Не мудрено, что чесменский воин, герой Наварина и проч., принял Сергея Львовича Пушкина за очень развитого человека. Будущий племянник должен был внушить ему уважение, как представитель нового поколения, успевшего развиться на других основаниях, чем те, которые существовали еще в его собственной, патриархальной, полудикой и полуграмотной семье.
Сергей Львович и брат его, столь известный Василий Пушкин, получили полное французское воспитание, писали стихи, знали много умных изречений и острых слов из старого и нового периода французской литературы, и сами могли бойко размышлять о серьезных вещах с голоса французских энциклопедистов, последнего прочитанного романа или где-нибудь перехваченного суждения. Никто больше их не ревновал и не хлопотал о русской образованности, под которой они разумели много разнообразных предметов: сближение с аристократическими кругами нашего общества и подделку под их образ жизни, составление важных связей, перенятие последних парижских мод, поддержку литературных знакомств и добывание через их посредство слухов и новинок для неумолкаемых бесед, для умножения шума и говора столицы. К числу необходимостей своего положения причисляли они и ухаживание за всякой своей и иностранной знаменитостью и проч. Дом Сергея Львовича в Москве действительно посещаем был членами того блестящего литературного круга, который в начале столетия образовался там около Карамзина; в числе друзей и знакомых дома встречаются самые почетные имена того времени – Жуковский, А. Тургенев, Дмитриев и проч., вместе с именами заезжих эмигрантов, туристов, артистов. То же было и у другого брата. Разумеется, внешние формы их жизни при этом уже во многом разошлись со старыми, первобытными обычаями дворянского существования. Сергей Львович, например, терпеть не мог деревни, если она не была видоизменением или продолжением городской жизни, и ни разу не посетил иных наследственных своих имений, как, например, Болдина (Нижегородской губ.), в чем его упрекали родные и еще упрекают доселе биографы; но это отвращение от сельского уединения помогло отцу нашего поэта, по крайней мере, освободиться от наклонностей, замашек и привычек тогдашнего помещичьего быта. Бесспорно, это был своего рода прогресс, но, к сожалению, по крайней своей ничтожности и ограниченности, он мало изменял все другие нравственные стороны человека и ничего не изменял в положении людей, зависевших от наших утонченных землевладельцев. Когда, гораздо позднее, для спасения Болдина послан был туда дельный управляющий, то он просто бежал из имения, при виде страшного разорения крестьян, в которое они были погружены беспечностью и образованными стремлениями помещика. Форма прогресса была не менее оригинальна и у Василия Львовича, но здесь нет надобности описывать ее, так как биография автора «Опасного Соседа» до нас не касается.

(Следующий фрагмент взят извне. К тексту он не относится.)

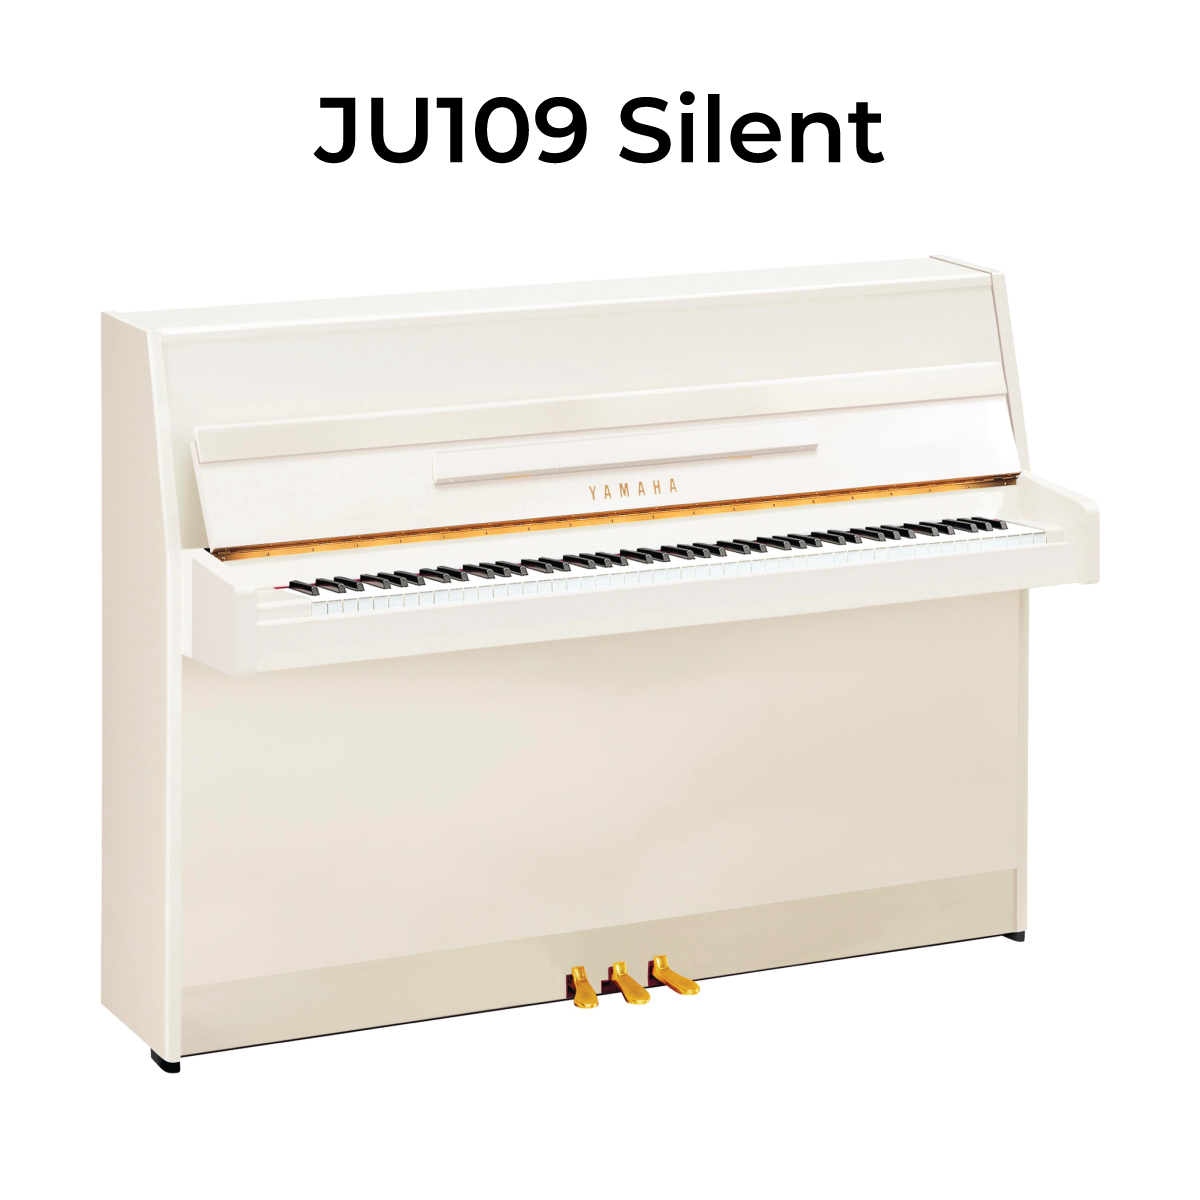 JU109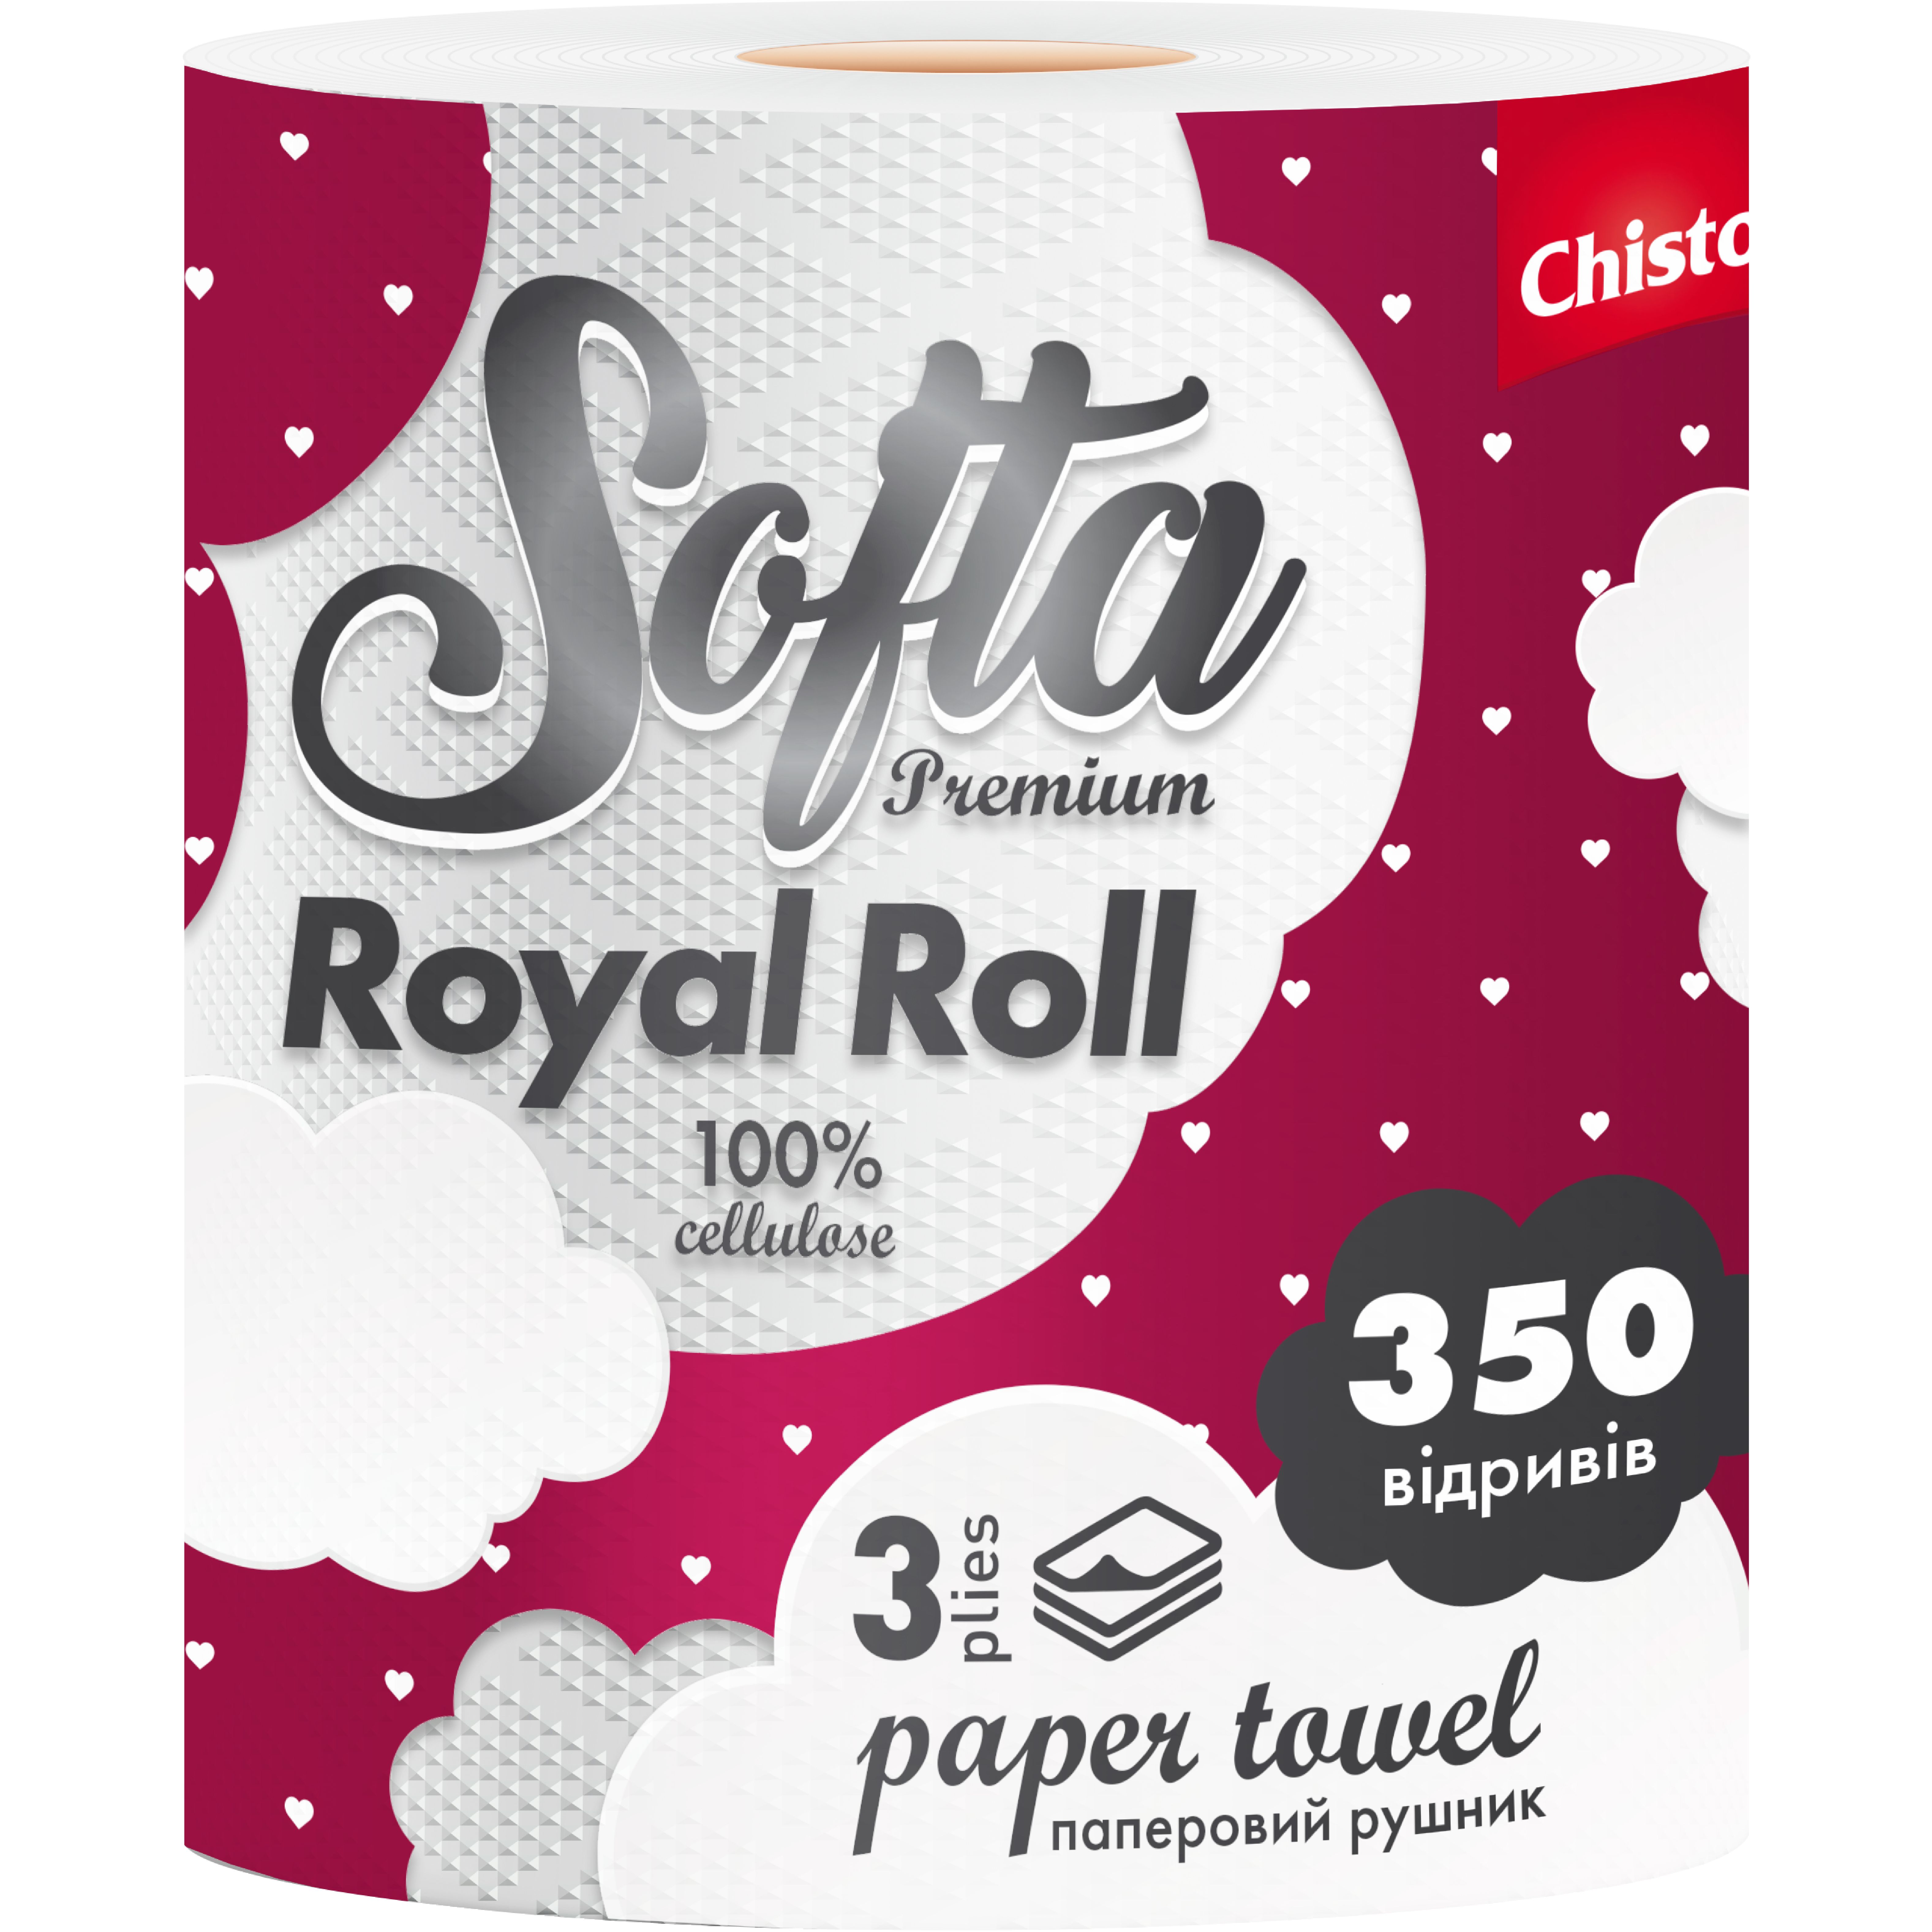 Бумажные полотенца Chisto Softa Royl Roll на гильзе трехслойные 350 отрывов 1 рулон - фото 1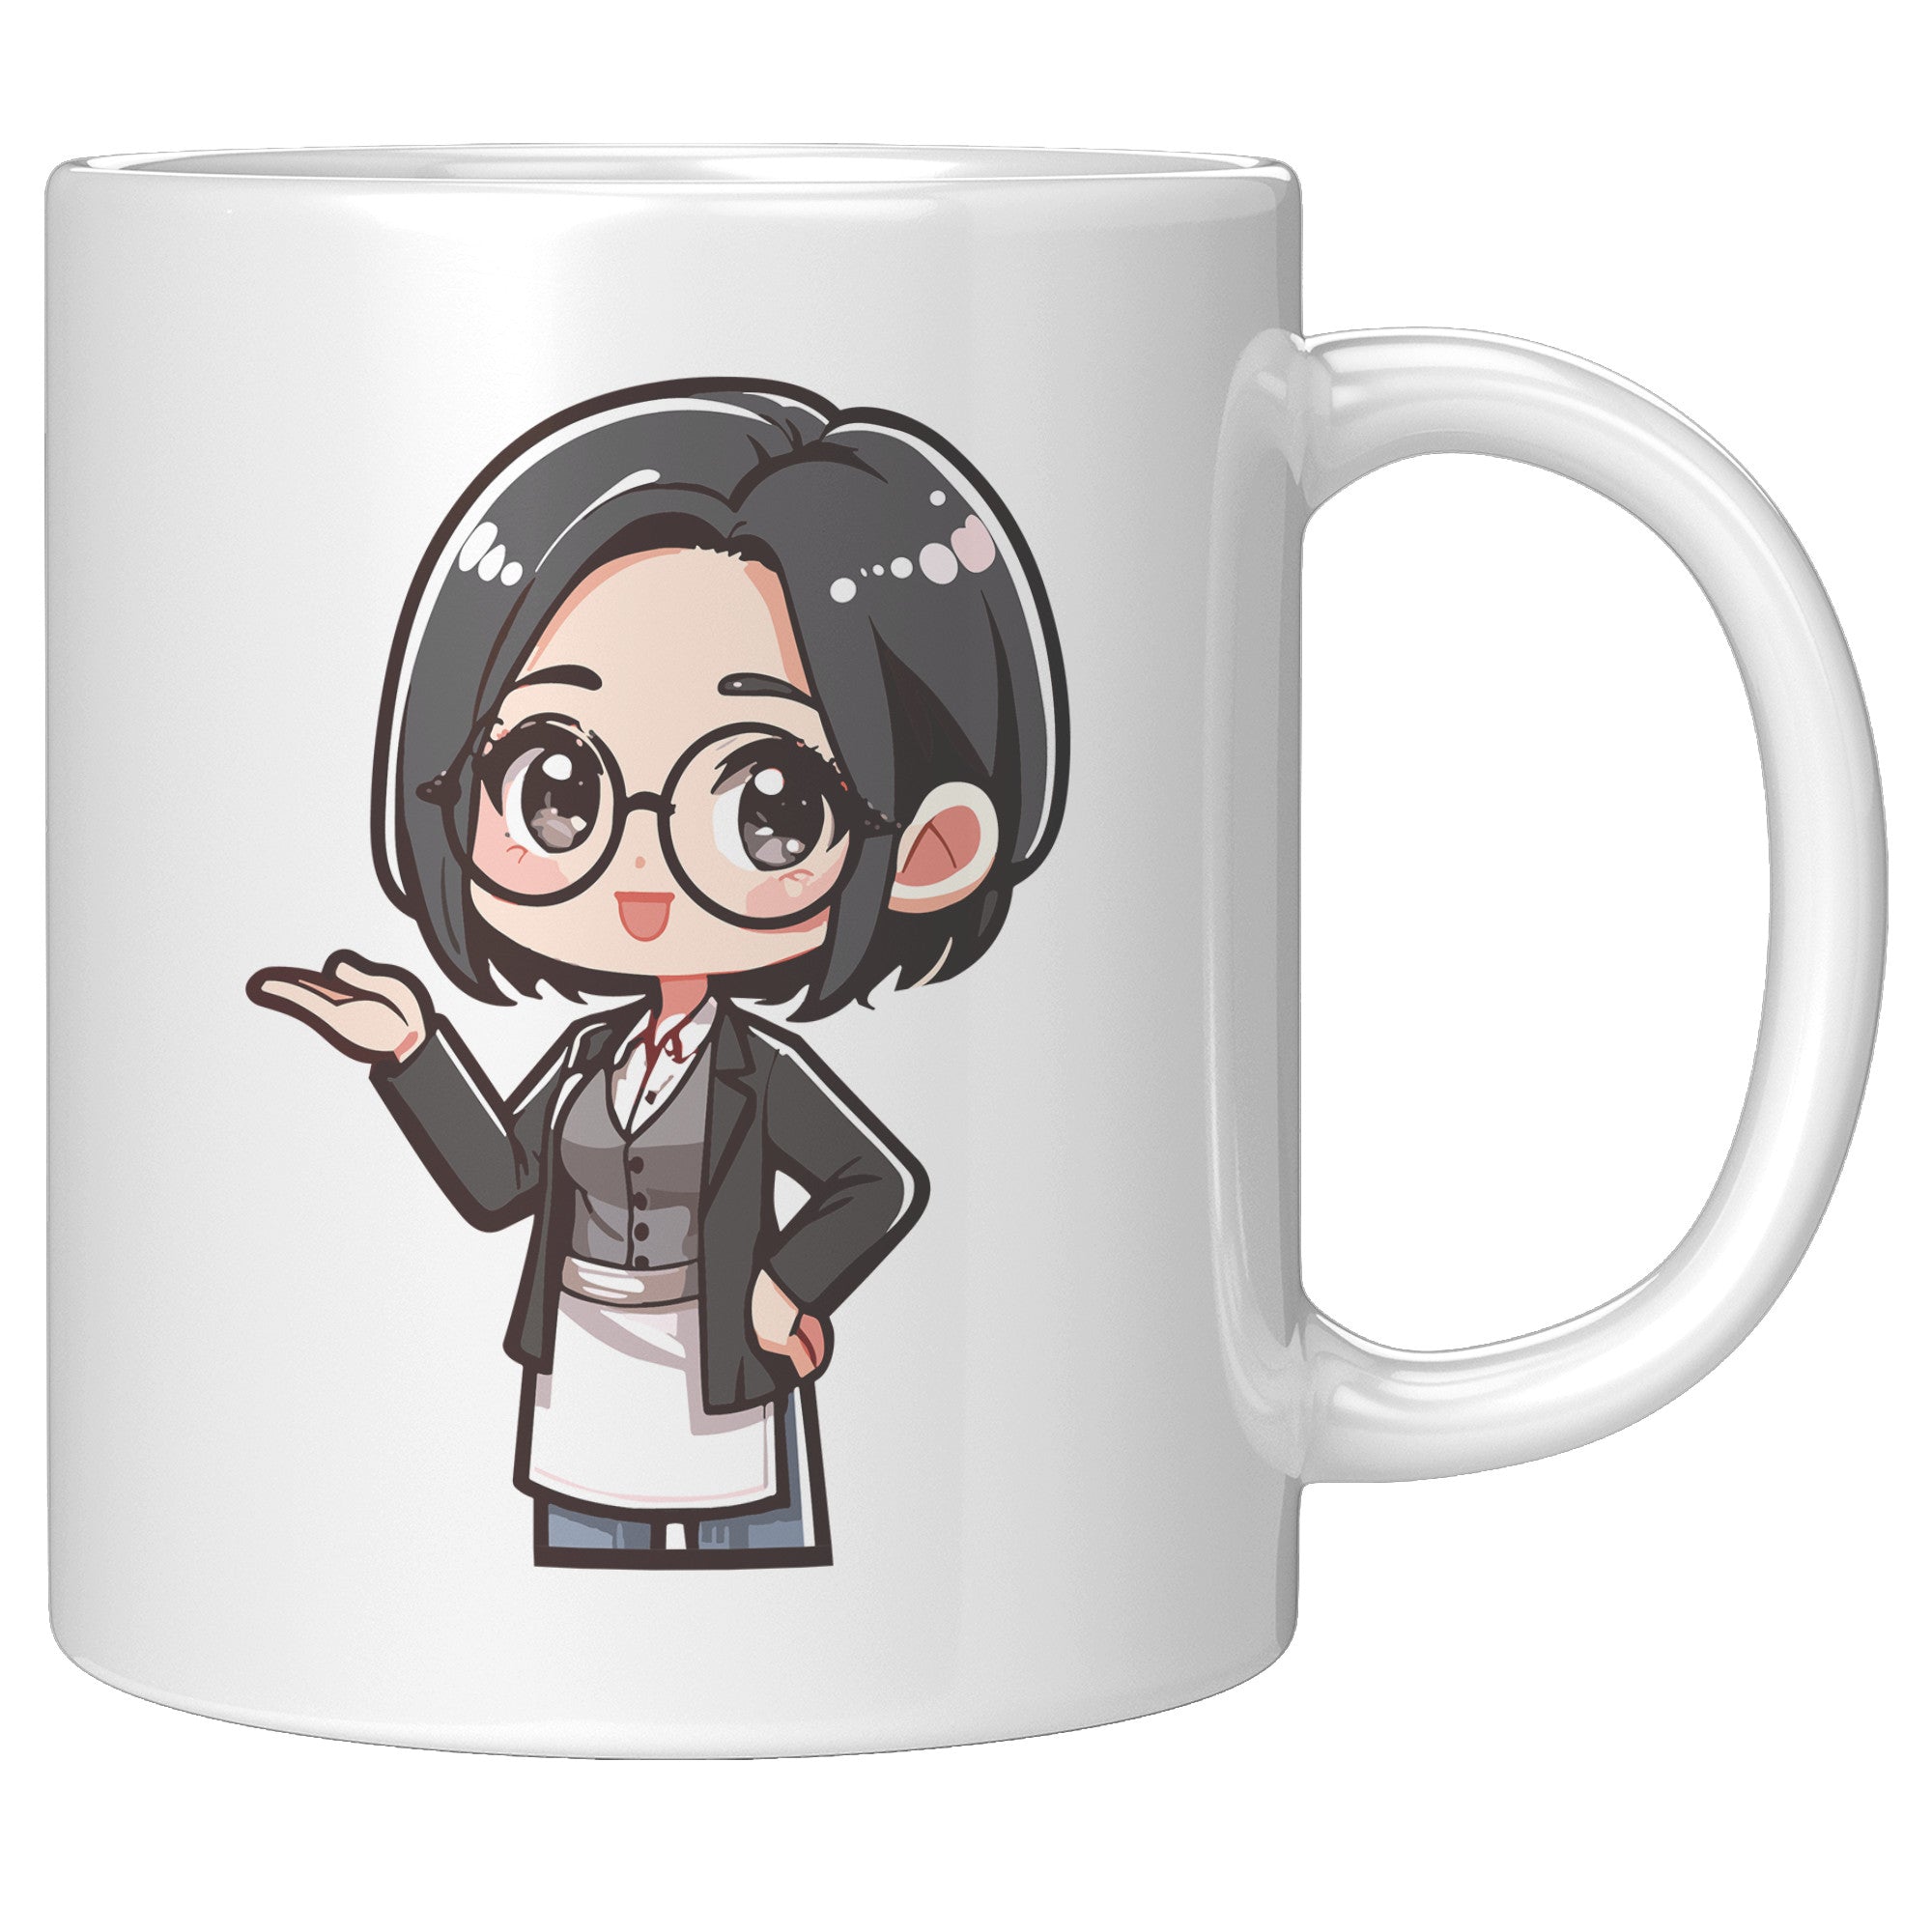 "Marites Gossip Queen Coffee Mug - Cute Cartoon 'Ano Ang Latest?' Cup - Perfect Chismosa Gift - Filipino Slang Tea Mug" - H

Вообще, следует заметить, что у обоих братьев не было и времени для своих собственных дел: они занимались только чужими. Люди, страстно искавшие всю свою жизнь гостиных и эффектных бесед, переносившие удачное бонмо, перед ними сказанное, из дома в дом, и, со своей стороны, сами занятые, для потехи других, тем, что французы называют деланием ума, faire de l'esprit, – такие люди уже, конечно, не имели ни времени, ни возможности устроить свое существование на прочных основаниях. Вот почему вся их жизнь, проведенная в беготне за высшим светом и модными формами существования, в толкотне между людьми и в пересудах слышанного и виденного, оставила их под конец материально и умственно разбитыми и несостоятельными.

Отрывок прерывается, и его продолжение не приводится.